However, the lack of success of previous studies does not demonstrate that the role of a patient's genetic variants in oxaliplatin efficacy is irrelevant. Previous studies have often been limited by small sample sizes, lack of adjustment for relevant covariates, multiple testing correction, and non-specific treatment definitions. Most studies assessed genetic variants only as prognostic markers, that is, association with outcome among patients with colorectal cancer who received a specified standard treatment such as adjuvant chemotherapy with oxaliplatin, but not as predictive markers, i.e., differential association with outcome according to the type of chemotherapy (e.g., with oxaliplatin versus without oxaliplatin). This study aimed to validate previously reported associations of prognostic and predictive genetic markers for oxaliplatin treatment outcome using a large independent patient with colorectal cancer sample and to evaluate further functional variants as potential prognostic/predictive markers.

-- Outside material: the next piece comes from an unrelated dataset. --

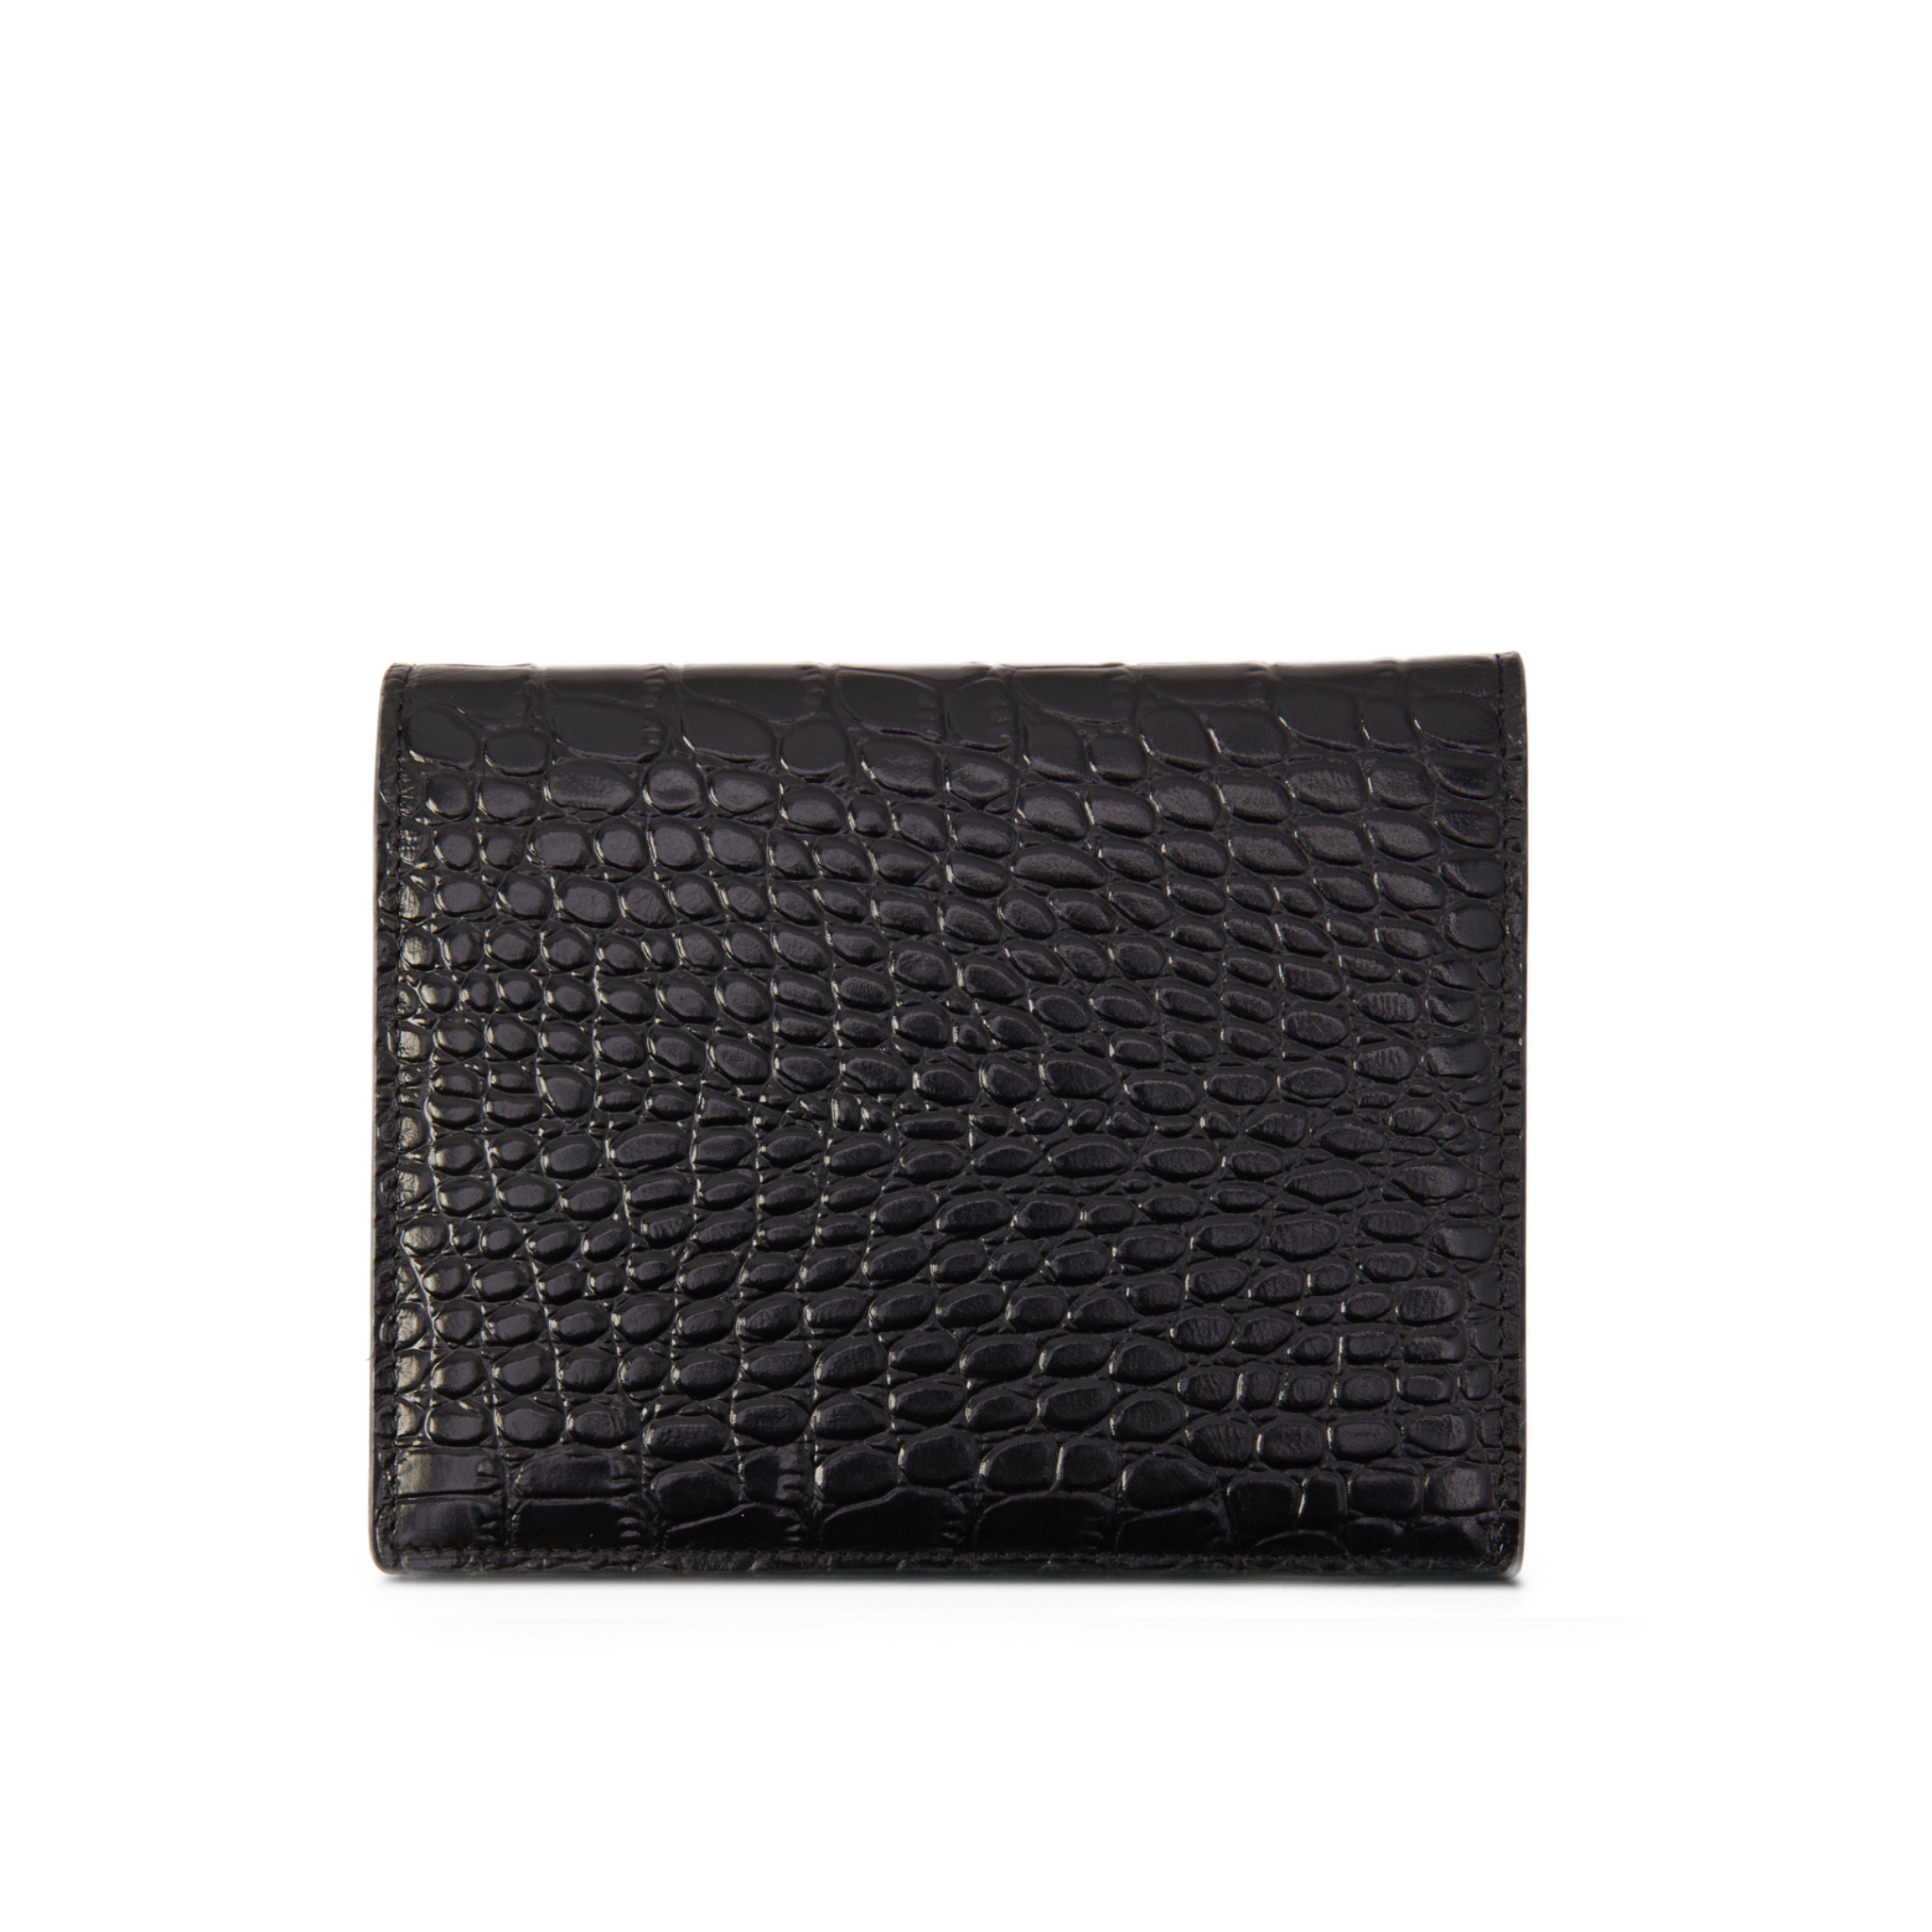 Chelsea Wallet Black Croc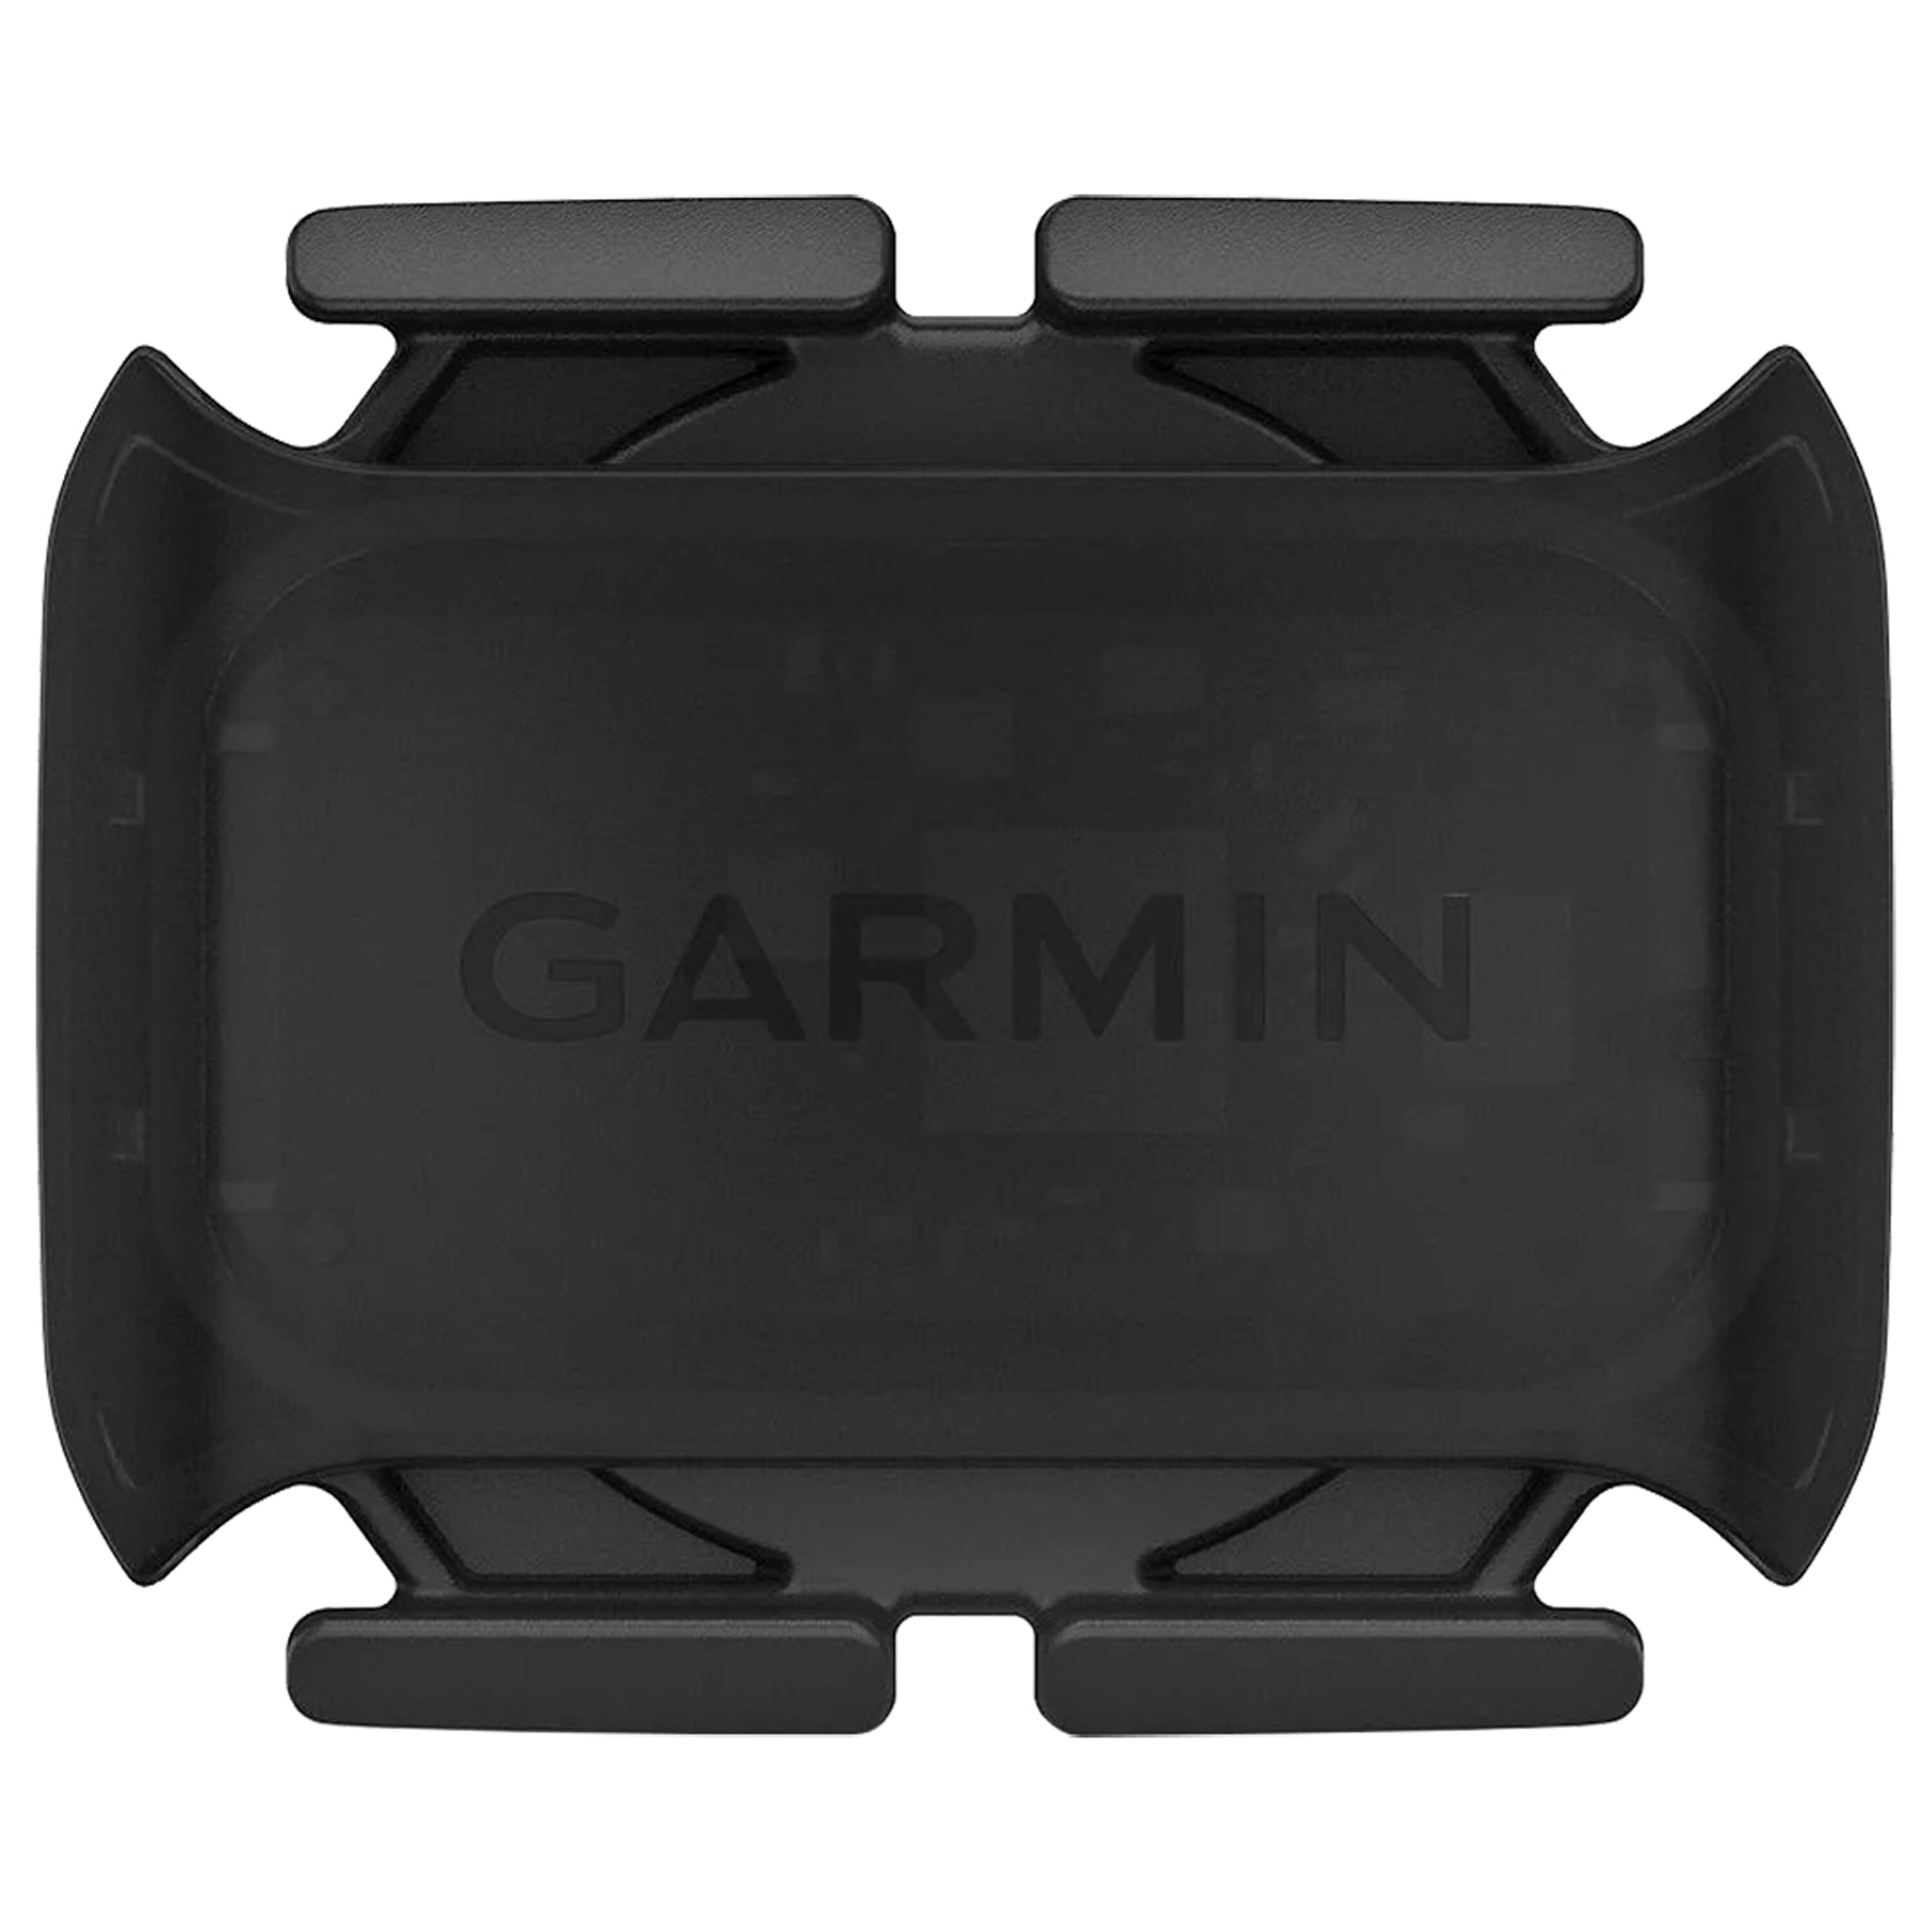 Sensore di cadenza Garmin Edge 2 Dual Ant+ Bluetooth LordGun online bike  store

Materials and MethodsStudy population

We included patients recruited between 2003 and 2015 from an ongoing population-based case–control study (DACHS, colorectal cancer: chances for prevention through screening). Details of the study have been described previously (27, 28). Patients were eligible if they were at least 30 years of age at diagnosis, were proficient in German, had the mental and physical ability to participate in the study, and lived in the Rhine-Neckar-Odenwald region in Germany. At recruitment, extensive information on sociodemographic characteristics, medical history, and lifestyle factors was collected by trained interviewers using standardized questionnaires. Information on vital status, date, and cause of death were obtained from the local population registries and health authorities at 3-year, 5-year, and 10-year follow-up. About 3 years after diagnosis, we requested information on colorectal cancer treatment and recurrence from treating physicians. After 5 and 10 years, questionnaires were sent to the patients to obtain, among other items, information on recurrence status (re-appearance or metastases). If colorectal cancer recurrence was stated, the treating physician was contacted for validation and to obtain further details. For patients who died during follow-up or were lost to follow-up, recurrence history was obtained from the last attending physician. All patients gave their written informed consent. The ethics committees of the Medical Faculty of the University of Heidelberg and the State Medical Boards of Baden-Wuerttemberg and Rhineland-Palatinate approved the study.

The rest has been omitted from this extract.